SINGAPORE - Professor Dennis Hugh Murphy, a celebrated British zoologist who influenced a generation of biologists in Singapore, died peacefully on Saturday afternoon (Nov 7) in a nursing home.
He was 89.
Prof Murphy, affectionately known as Paddy, first moved to Singapore in 1960 and joined what was then the Singapore campus of the University of Malaya as a lecturer in its Zoology Department.
His former students who spoke to The Straits Times (ST) fondly remember him as a jovial man who was eminently practical yet generous with his time, spontaneous and unorthodox in his perspectives, and humble despite his many contributions to science.
His pioneering work on Singapore's mangrove biodiversity in the 70s and 80s included some of the earliest maps of Bukit Timah Nature Reserve and the Mandai mangroves.
Professor Peter Ng, head of the Lee Kong Chian Natural History Museum (LKCNHM) at the National University of Singapore (NUS), said the data and information Prof Murphy collected back then are still used by researchers today.
Prof Ng, 60, was a doctorate student under Prof Murphy in the 80s and later his colleague at the university.
Prof Murphy's field of speciality was entomology - the study of insects - but he was a polymath with wide-ranging interests, said Prof Ng. He credits his mentor with awakening his own interest in philosophy and history.
Prof Ng recalled how Prof Murphy would often sit outside the laboratory during his afternoon breaks with a coffee and a cigarette, reading a book. When approached, he would wax poetic about whatever he was reading at the time.
"He gets you interested in these things, whether it's Nietzsche or chaos theory, if nothing else just so you can have a discussion with him," Prof Ng said.
"It broadens your knowledge.

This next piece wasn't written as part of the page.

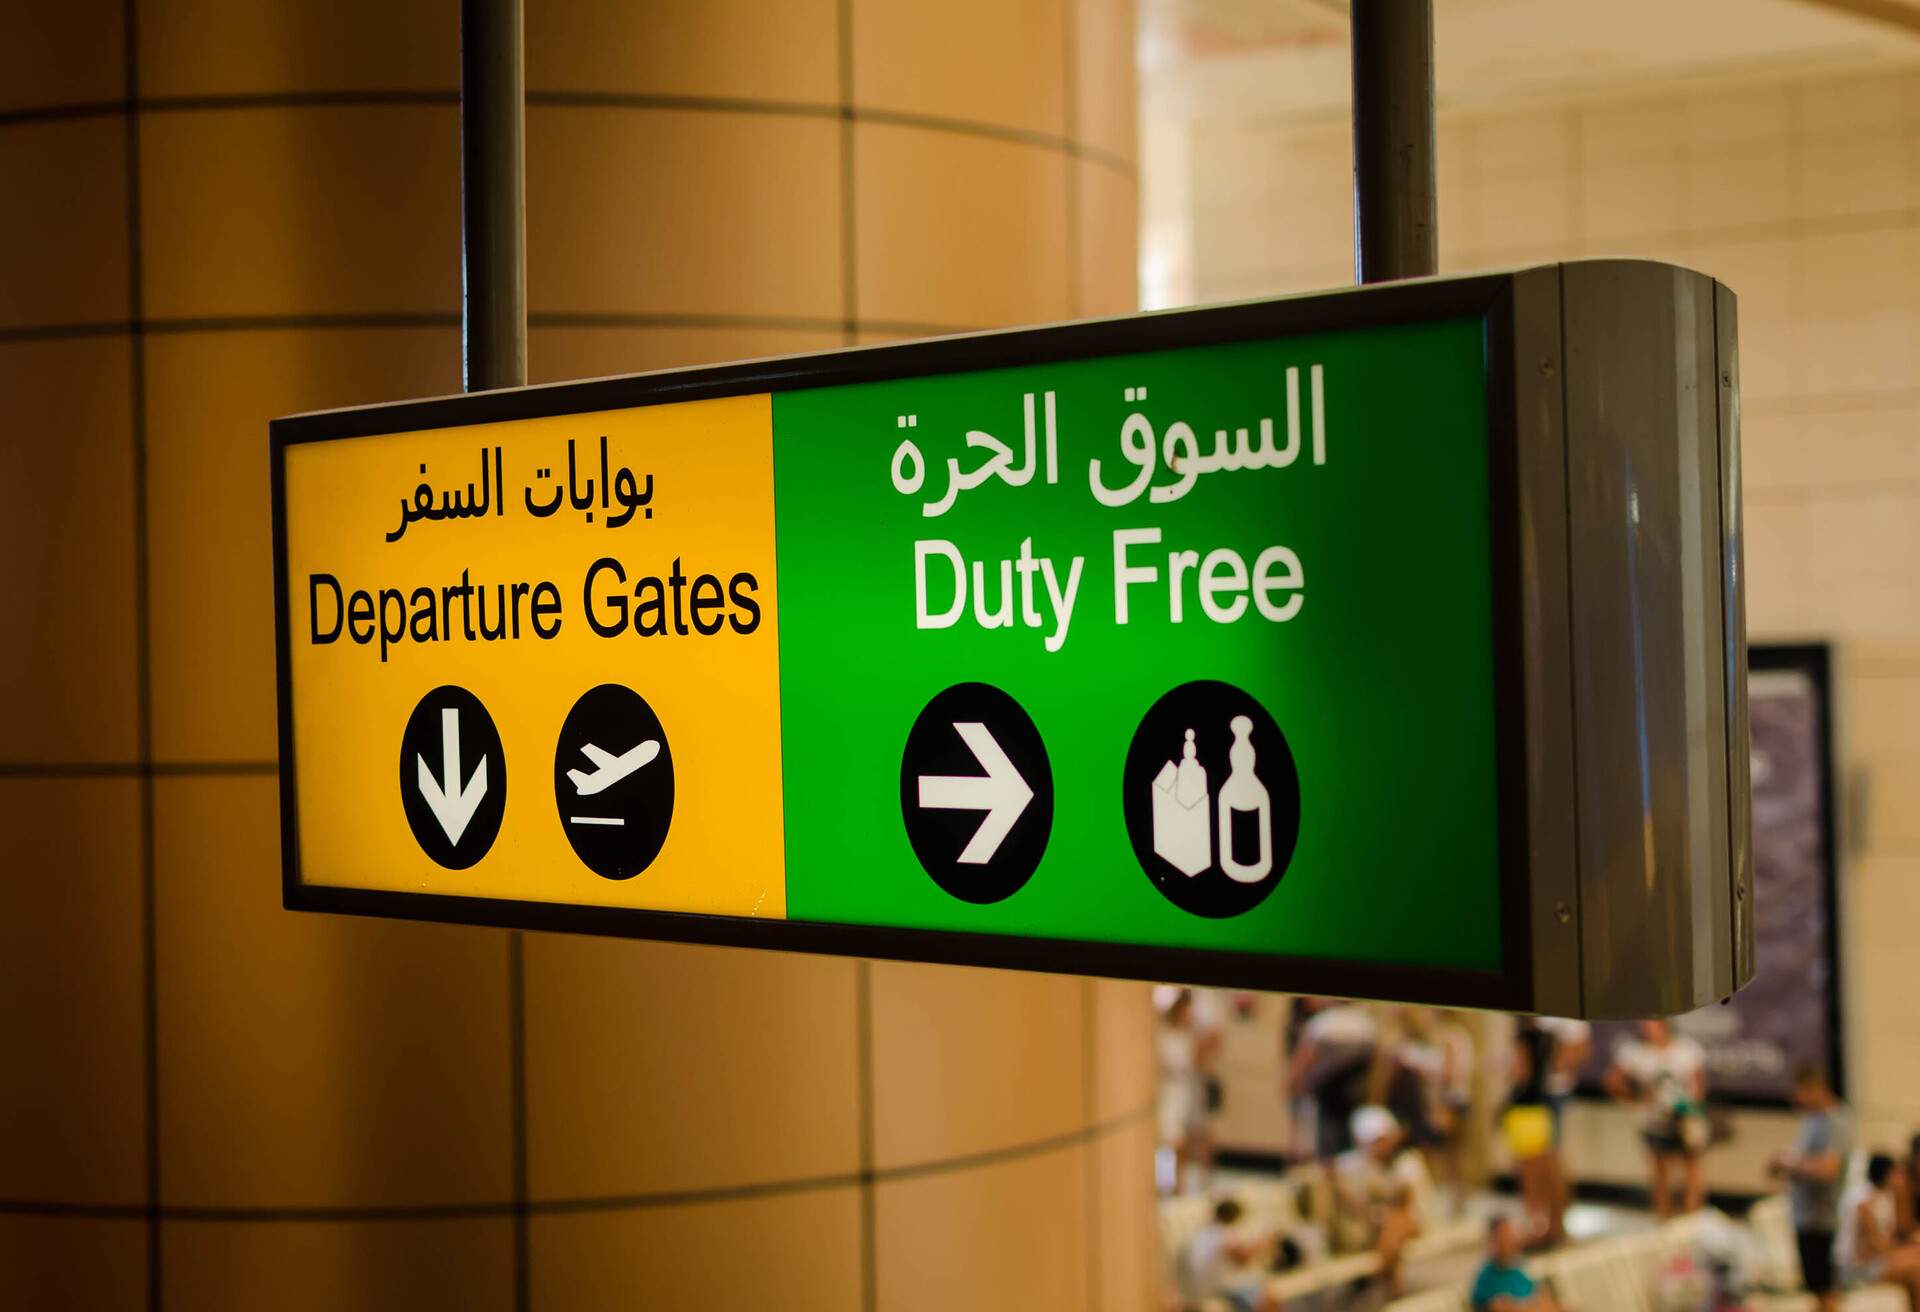 Departure gates and a Duty Free board with Arabic and English translations.

Speaking as a lecturer myself, it's great to have that broad knowledge when you teach a class as it makes your teaching more powerful."
Another former student of Prof Murphy was Mr N. Sivasothi, 54, a senior lecturer at the NUS Department of Biological Sciences who is known for his research on otters.
Like Prof Ng, Mr Sivasothi said some of the most valuable lessons he learned from Prof Murphy were outside the classroom.
He said the priceless sessions of fieldwork and informal interactions taught him not only facts but also Prof Murphy's perspectives and uncommon wisdom that could not be captured in a textbook.
Inspired by his experiences, Mr Sivasothi strove to recreate such opportunities for his own students when he became a lecturer.
In 1999, he started a group of volunteers for the Raffles Museum of Biodiversity Research, now known as the NUS Toddycats programme at LKCNHM. Mr Sivasothi also partnered the National Parks Board in 2017 to start the Biodiversity Friends Forum for anyone interested in nature, including members of the public of all ages.
"I became quite the organiser of symposia, meetings and chat groups because I had learnt so much from the informal, spontaneous conversations with Murphy," Mr Sivasothi said.
Even after his retirement in 1990, Prof Murphy continued to be a fixture at the NUS laboratories for almost a decade more, teaching the occasional class and sharing his insights with students and faculty alike.
He later served as a consultant to government agencies and various companies in insect identification.
Mr Bernard Harrison, who was the executive director of the Singapore Zoo in the mid-90s, enlisted Prof Murphy to help set up the Fragile Forest bio-dome where visitors can get up close with various insects and other animals in a rainforest-like environment to this day.
"He was very helpful in capturing or acquiring and displaying all those local species of ants, butterflies and insects. He may have retired but he was still Mr Entomology," said Mr Harrison, 69.
Prof Murphy's daughter Juliette, who was born and grew up in Singapore, said she tried to persuade her father to move back to Britain with her in his later years, but he was adamant that Singapore was his home.
"He was fortunate that he had so many friends and former students who treated him like family," said Ms Murphy, 51, who lives in Durham, in Britain
Speaking with The Straits Times from Durham, where she ended up staying after leaving Singapore in 1987, she fondly recalled how her father would often drive down from the NUS campus to pick her up after school at the nearby United World College.
His bright yellow Suzuki was easy to spot, but she often found her Dad crawling around in a nearby bush with his net, looking for insects.
Ms Murphy had been scheduled to visit her father in Singapore in April, but her plans were scuppered by the coronavirus pandemic.
She last saw him in person in April 2019 and had been writing him letters. She said his death did not come as a shock as his health had been declining in recent years.
"Still, it's never easy to let go. It's hard to get your head around it," she said.
Prof Murphy's legacy lives on in the scientific names of more than 100 species of animals named after him by other admiring local biologists who discovered them.
One example is the nudibranch sea slug, Murphydoris singaporensis, first found here in 1991 by Prof Murphy's colleague at NUS, Jon Sigurdsson.
Prof Murphy is survived by his daughter, a son and a granddaughter. His Singaporean Chinese wife, Dr Marguerite Yin-Murphy, a microbiologist at NUS, died in 2007.